* [Work item] Restate the data below word for word. Skip any images it contains.

* [Data shown]
┄┄┄┄┄┄┄┄┄┄┄┄┄┄┄┄┄┄┄┄

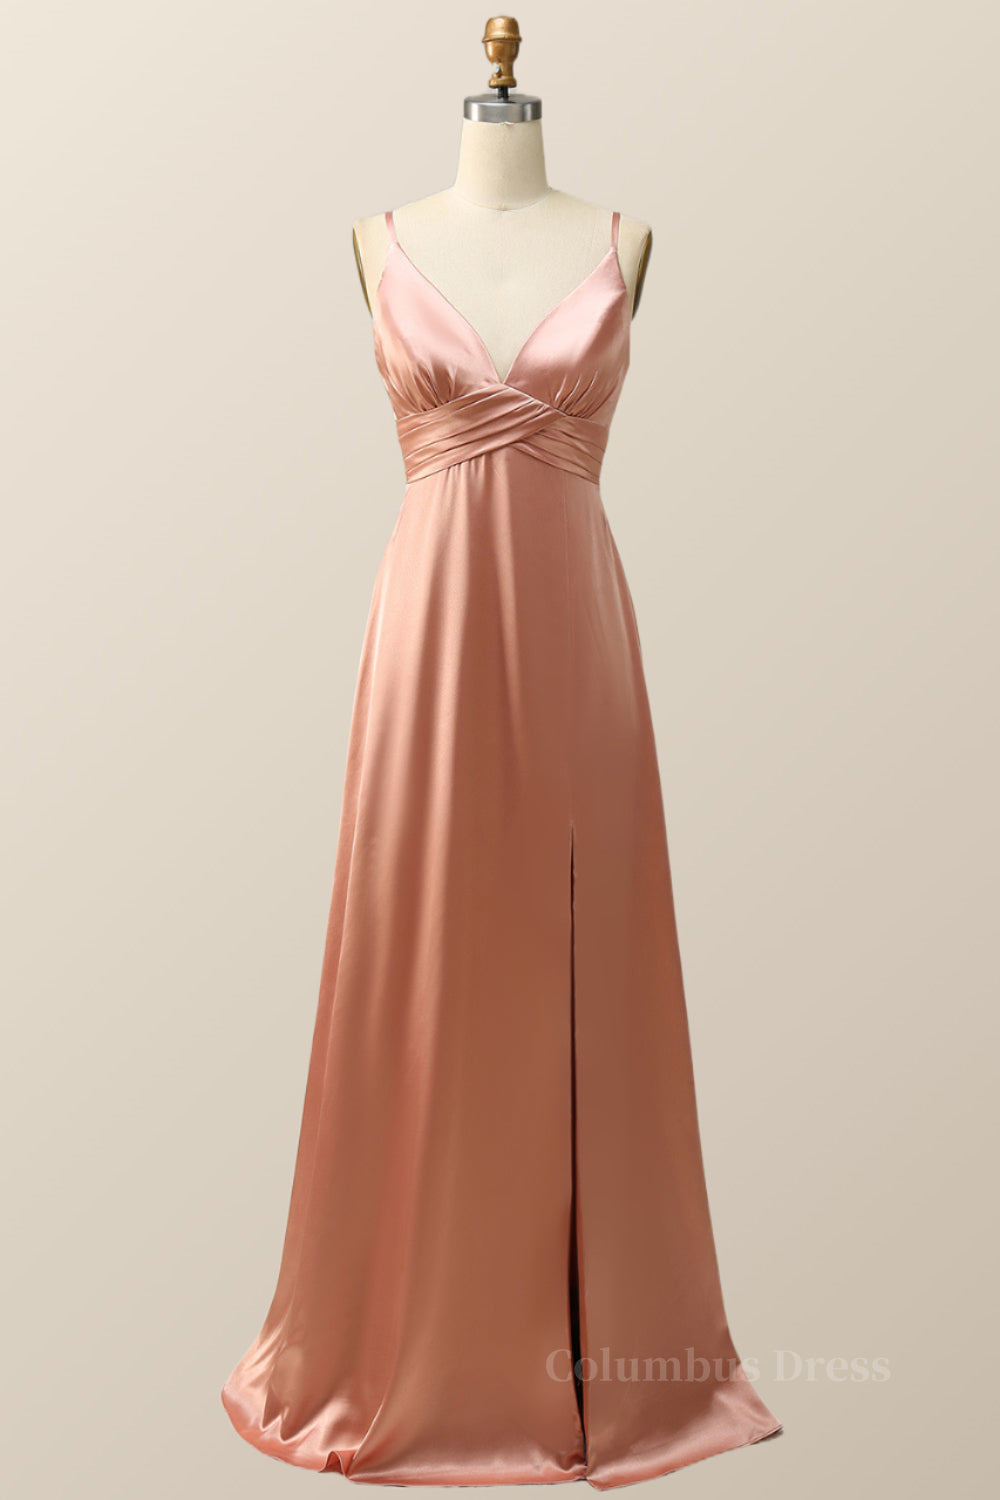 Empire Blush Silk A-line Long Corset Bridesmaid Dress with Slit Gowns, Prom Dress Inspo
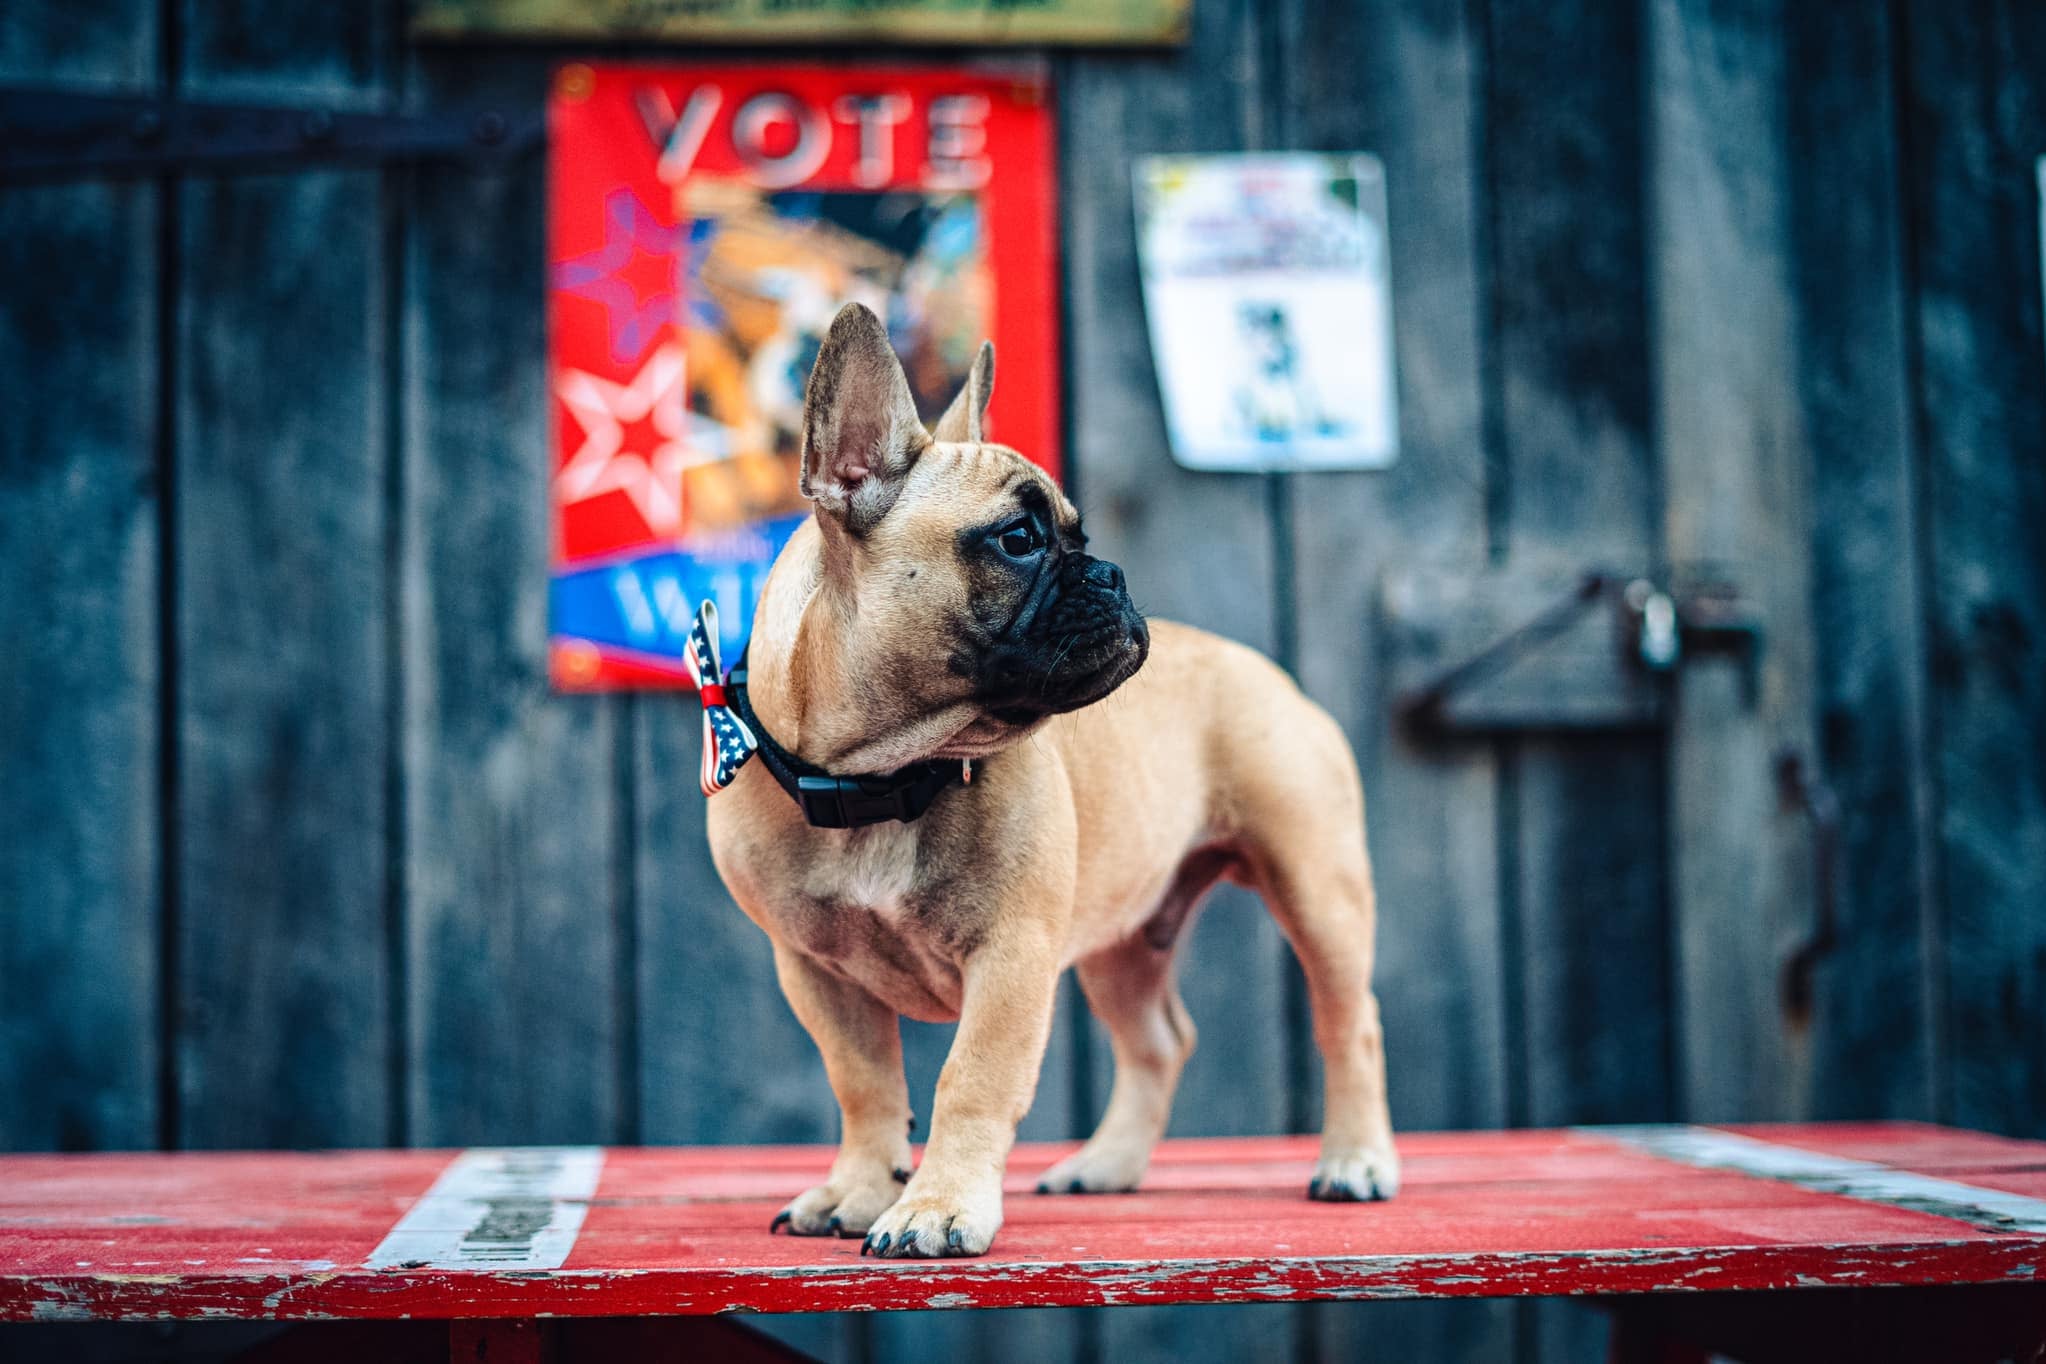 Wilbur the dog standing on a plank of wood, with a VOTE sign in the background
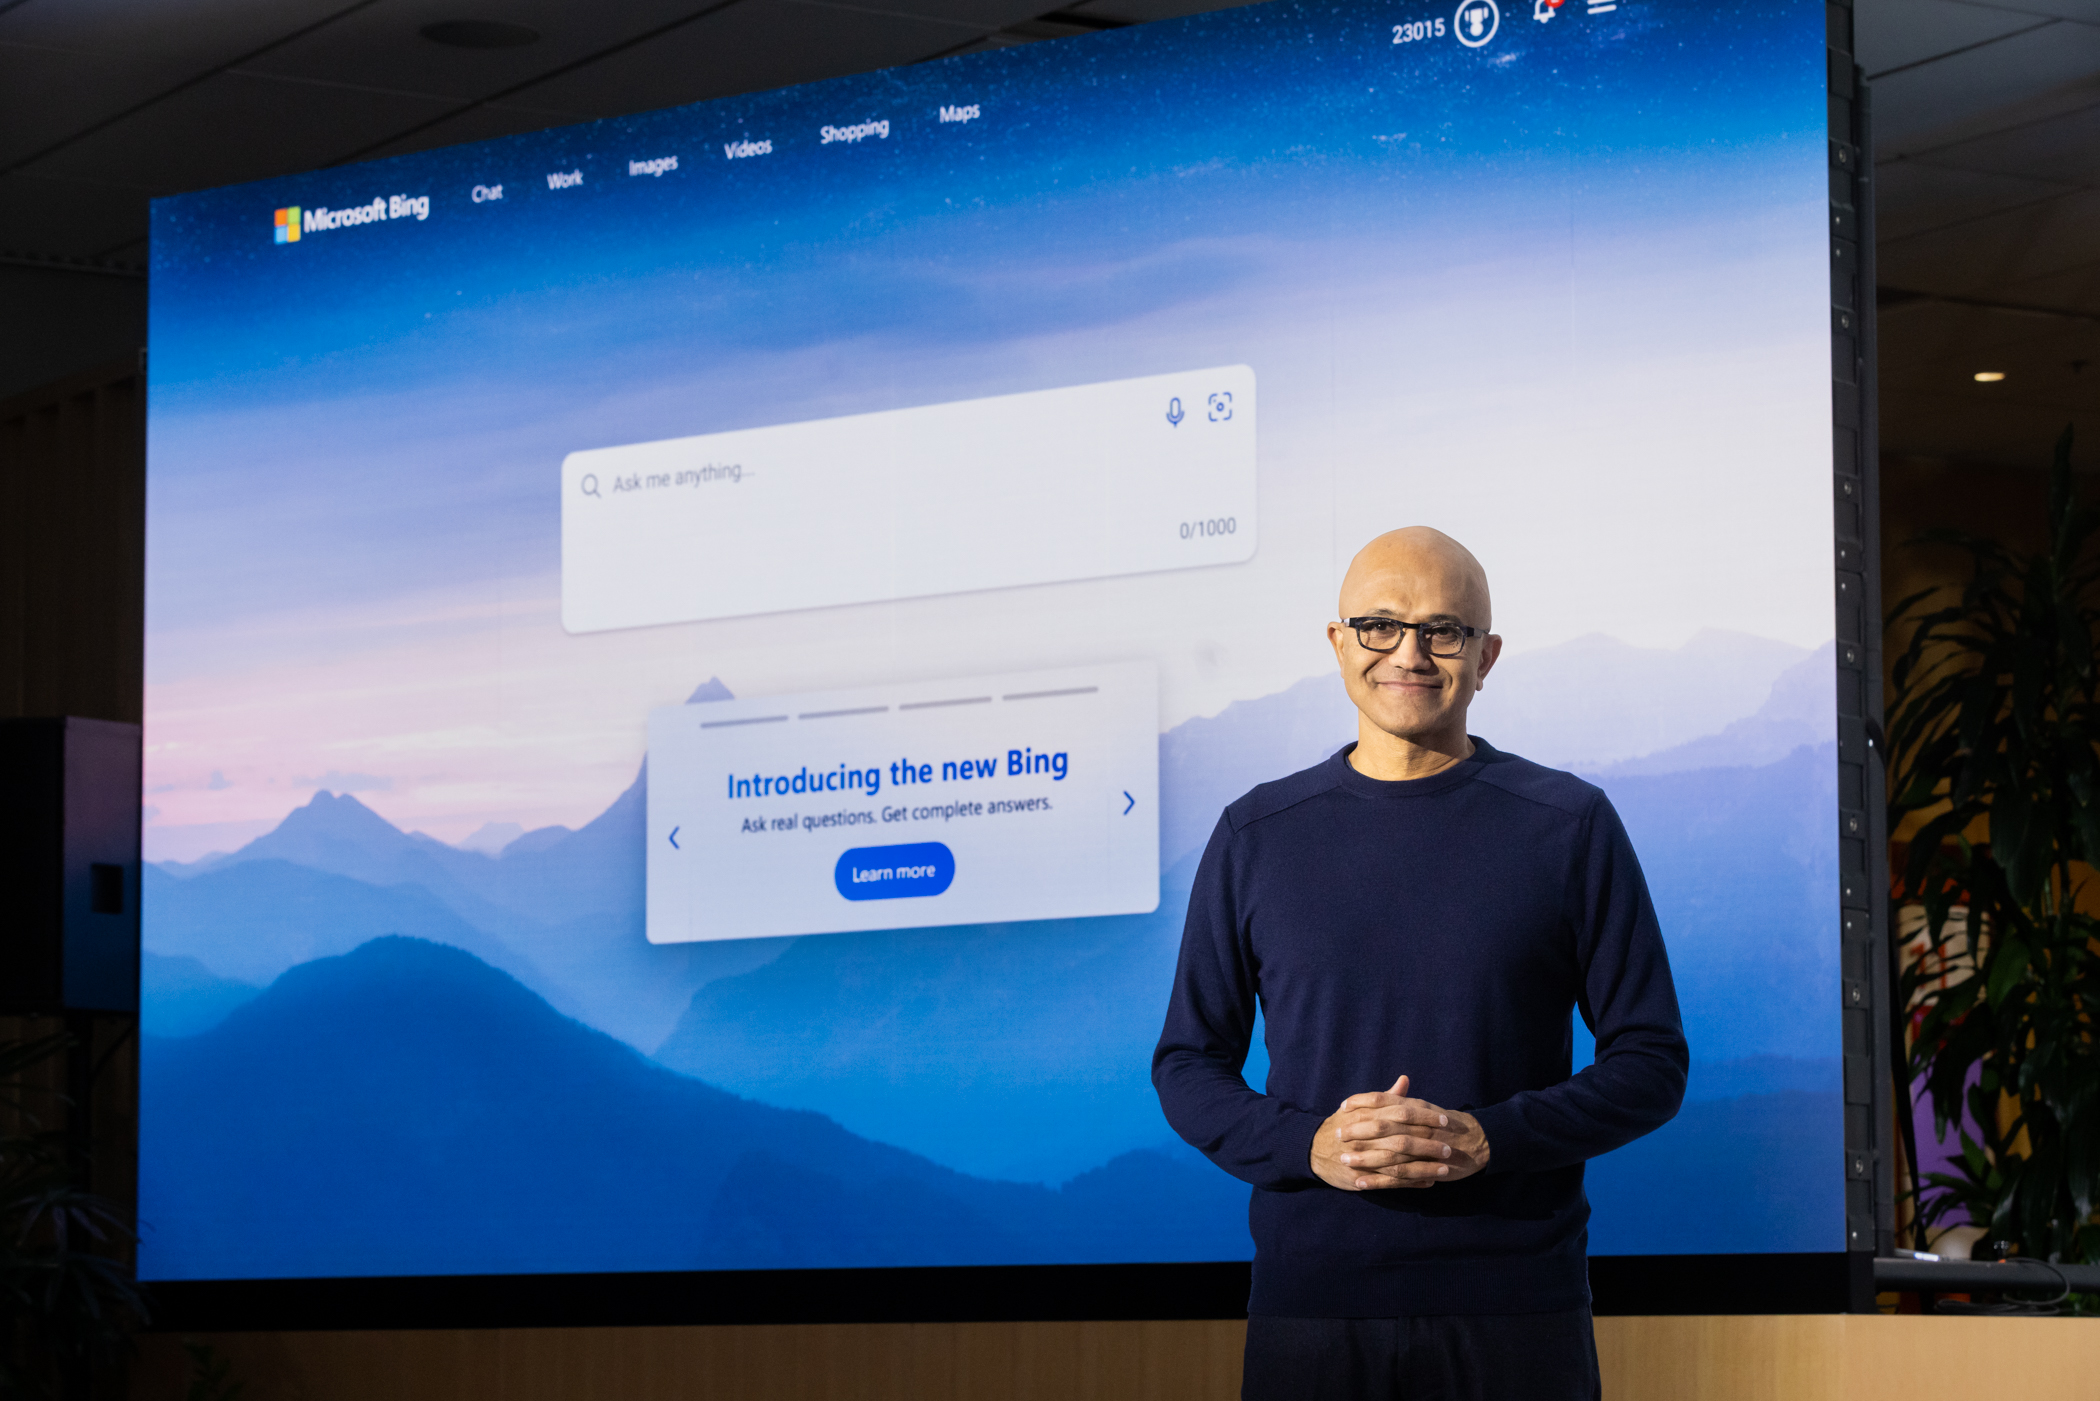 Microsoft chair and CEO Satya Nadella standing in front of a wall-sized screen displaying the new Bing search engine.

┄┄┄┄┄┄┄┄┄┄┄┄┄┄┄┄┄┄┄┄

* [Solution for this exercise]
 Empire Blush Silk A-line Long Corset Bridesmaid Dress with Slit Gowns, Prom Dress Inspo
 Wilbur the dog standing on a plank of wood, with a VOTE sign in the background
 Microsoft chair and CEO Satya Nadella standing in front of a wall-sized screen displaying the new Bing search engine.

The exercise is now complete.